:: DATA TO EXAMINE ::

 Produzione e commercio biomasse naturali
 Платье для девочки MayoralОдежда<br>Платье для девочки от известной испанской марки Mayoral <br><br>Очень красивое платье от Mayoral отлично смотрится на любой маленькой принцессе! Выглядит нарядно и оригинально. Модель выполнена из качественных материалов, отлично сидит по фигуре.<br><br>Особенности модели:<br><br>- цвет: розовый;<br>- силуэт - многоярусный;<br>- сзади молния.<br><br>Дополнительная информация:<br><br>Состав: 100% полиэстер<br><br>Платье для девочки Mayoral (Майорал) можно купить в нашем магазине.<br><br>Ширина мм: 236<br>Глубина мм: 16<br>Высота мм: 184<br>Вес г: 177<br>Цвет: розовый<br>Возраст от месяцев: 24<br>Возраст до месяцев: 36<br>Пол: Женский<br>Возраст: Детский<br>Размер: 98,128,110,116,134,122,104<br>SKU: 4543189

:::
:: DATA TO EXAMINE ::

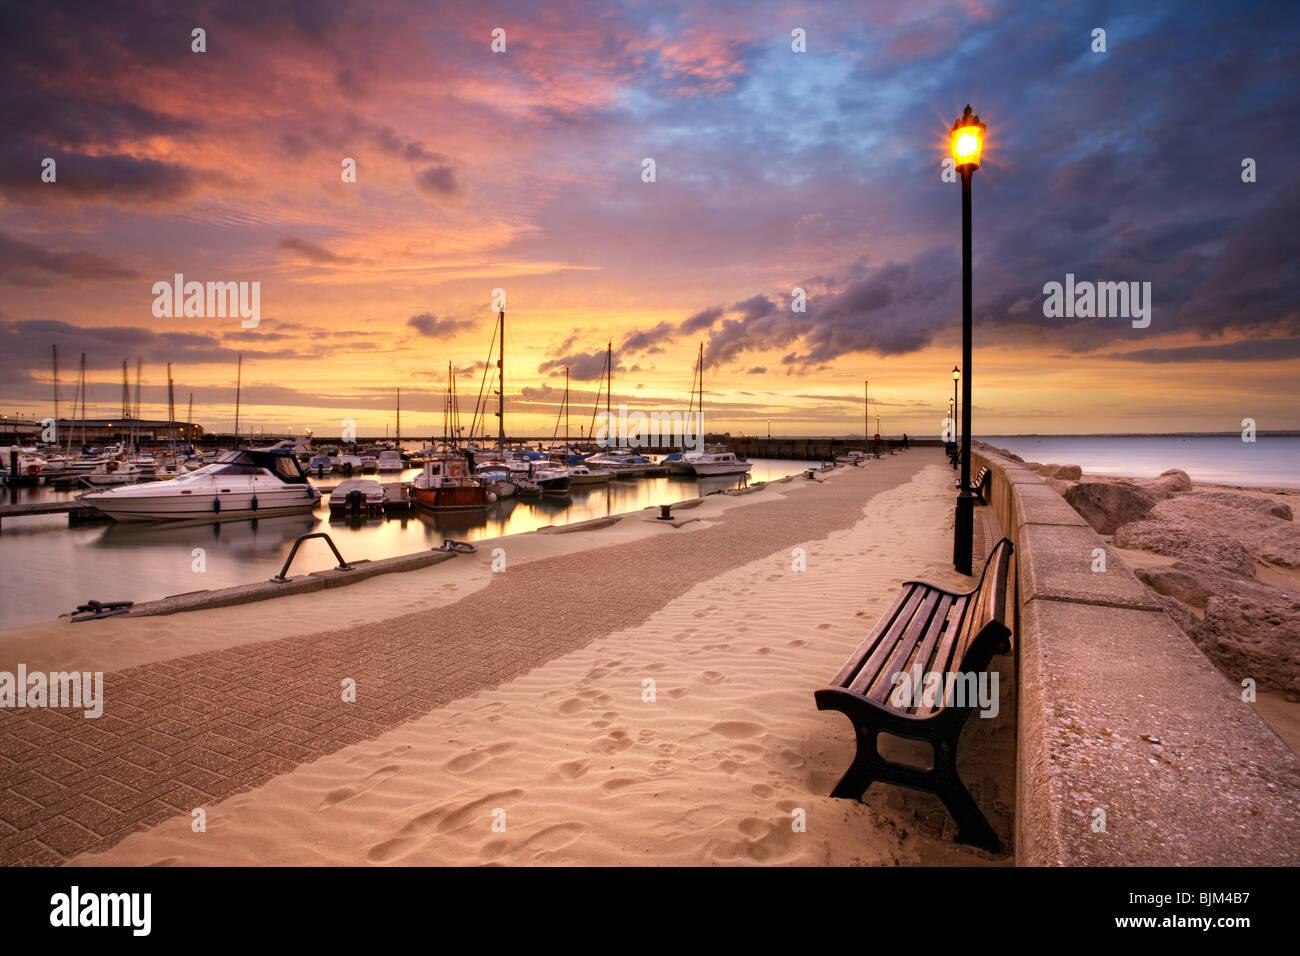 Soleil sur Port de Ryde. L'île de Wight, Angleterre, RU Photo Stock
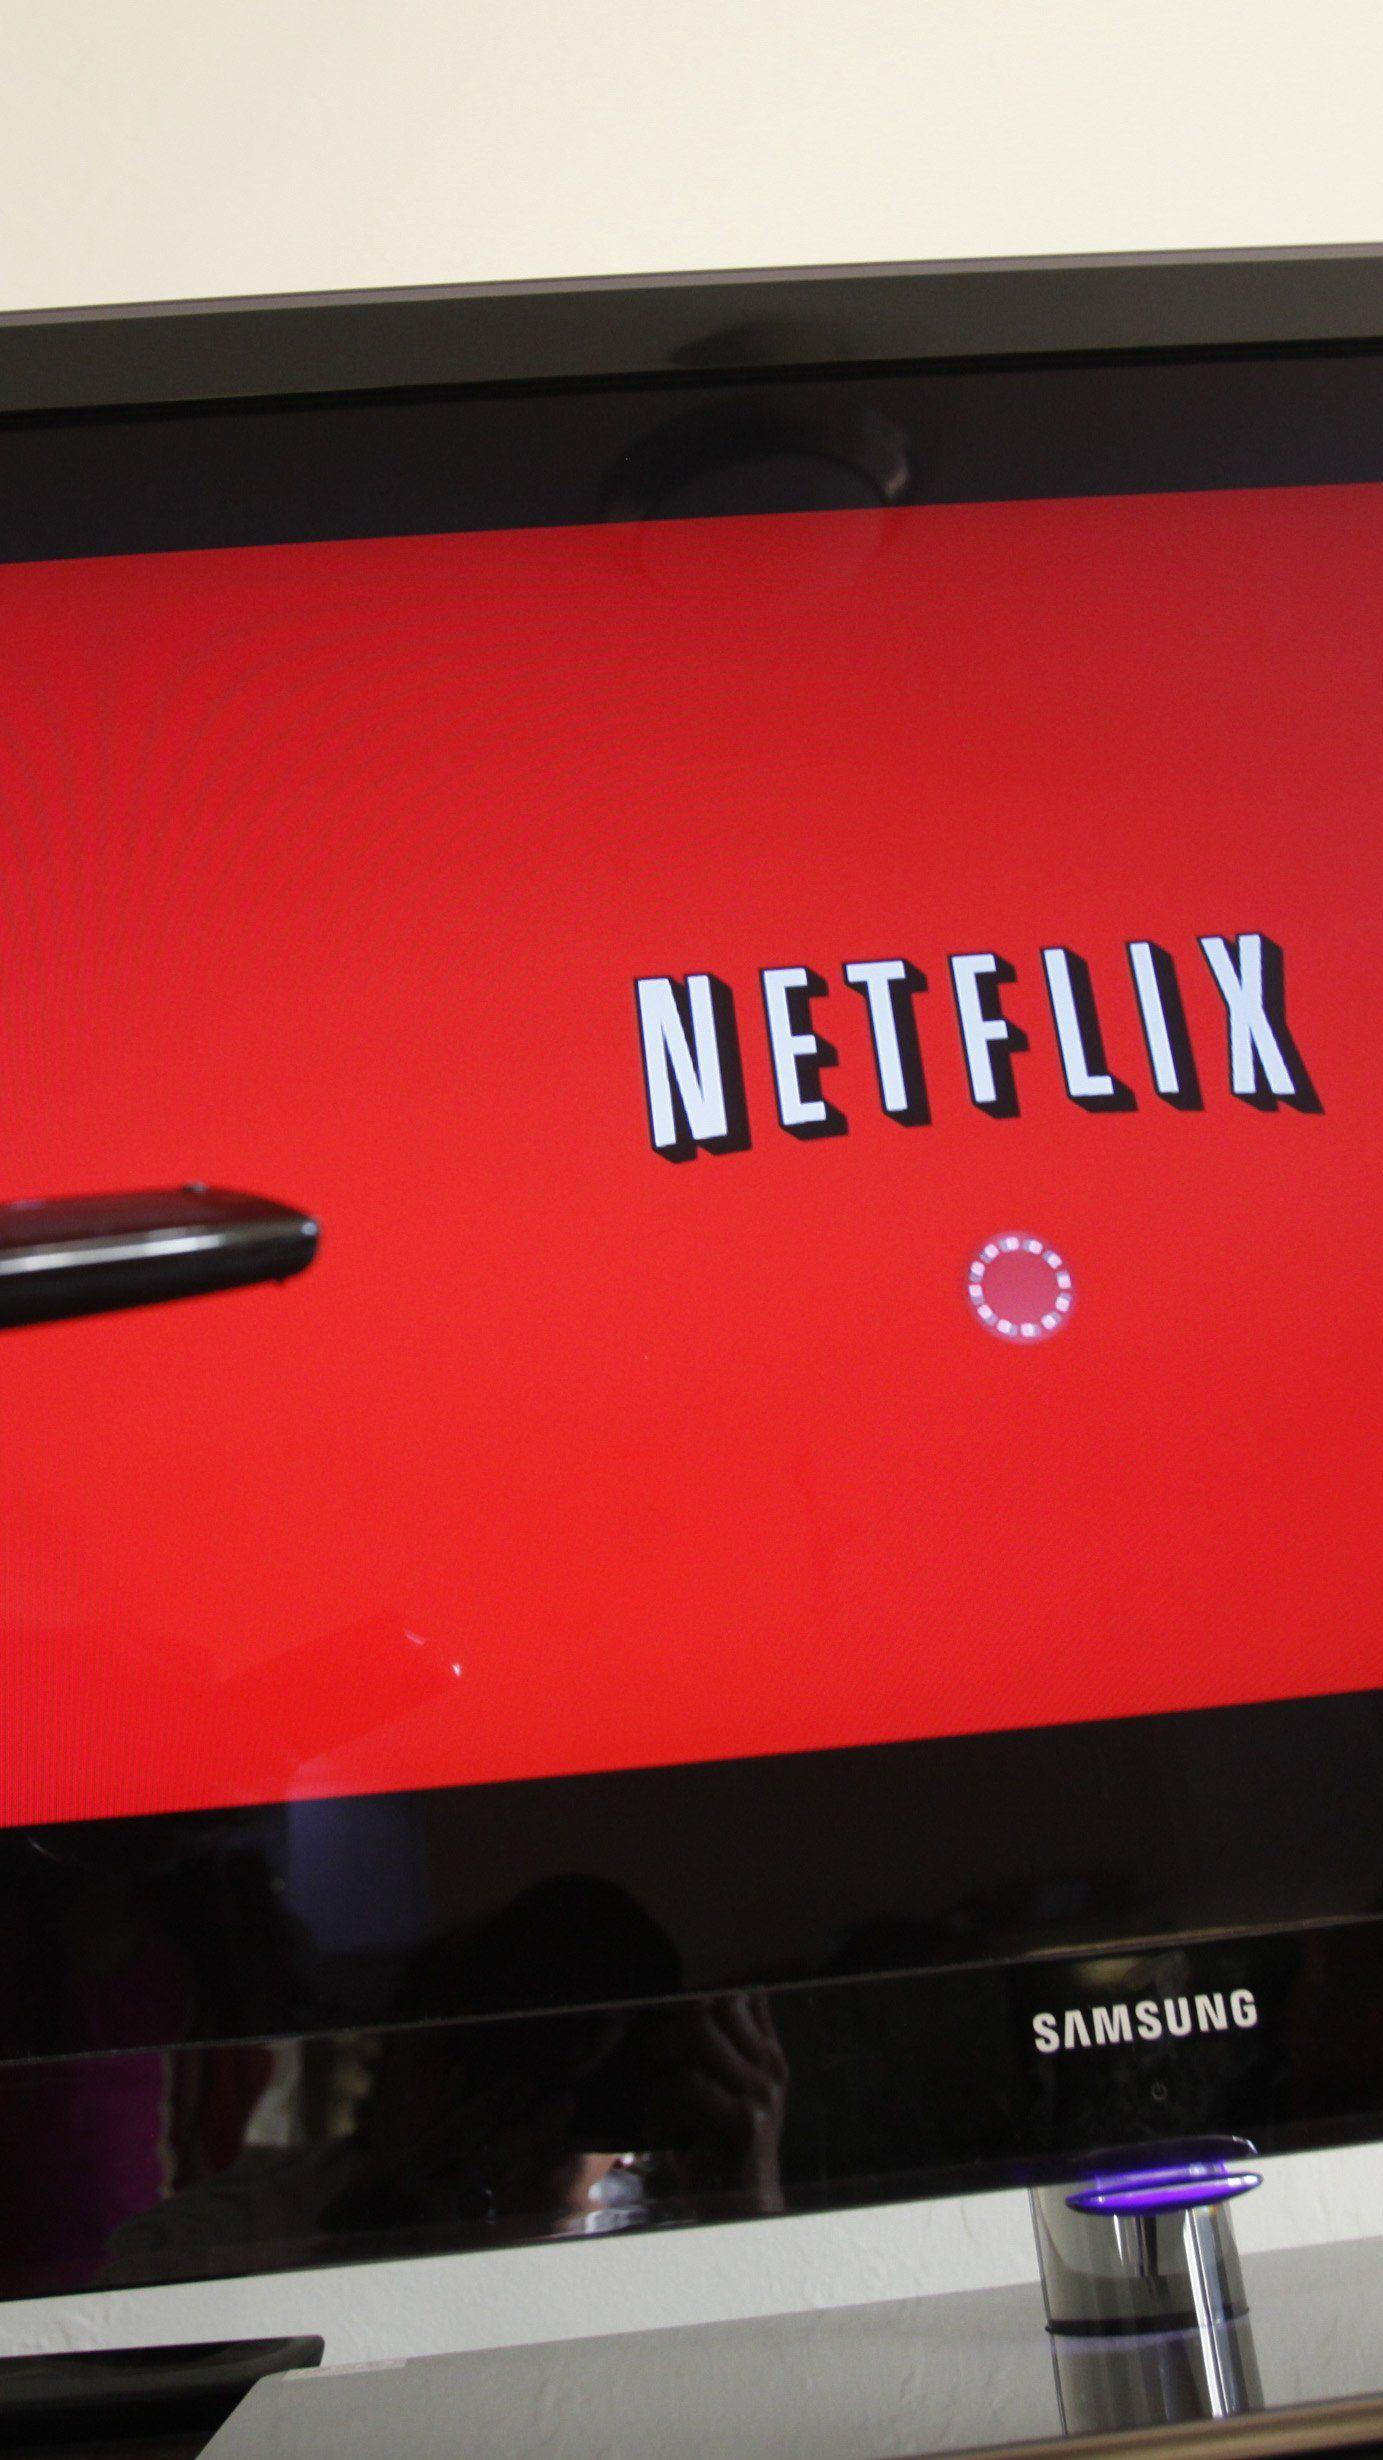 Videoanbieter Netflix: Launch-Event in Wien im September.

:::

# WHAT IS NEEDED
Reproduce verbatim the lines above, from the line with "Produzione e commercio biomasse naturali" through the line with "Платье для девочки MayoralОдежда<br>Платье".

# ANSWER TO THIS TASK
 Produzione e commercio biomasse naturali
 Платье для девочки MayoralОдежда<br>Платье для девочки от известной испанской марки Mayoral <br><br>Очень красивое платье от Mayoral отлично смотрится на любой маленькой принцессе! Выглядит нарядно и оригинально. Модель выполнена из качественных материалов, отлично сидит по фигуре.<br><br>Особенности модели:<br><br>- цвет: розовый;<br>- силуэт - многоярусный;<br>- сзади молния.<br><br>Дополнительная информация:<br><br>Состав: 100% полиэстер<br><br>Платье для девочки Mayoral (Майорал) можно купить в нашем магазине.<br><br>Ширина мм: 236<br>Глубина мм: 16<br>Высота мм: 184<br>Вес г: 177<br>Цвет: розовый<br>Возраст от месяцев: 24<br>Возраст до месяцев: 36<br>Пол: Женский<br>Возраст: Детский<br>Размер: 98,128,110,116,134,122,104<br>SKU: 4543189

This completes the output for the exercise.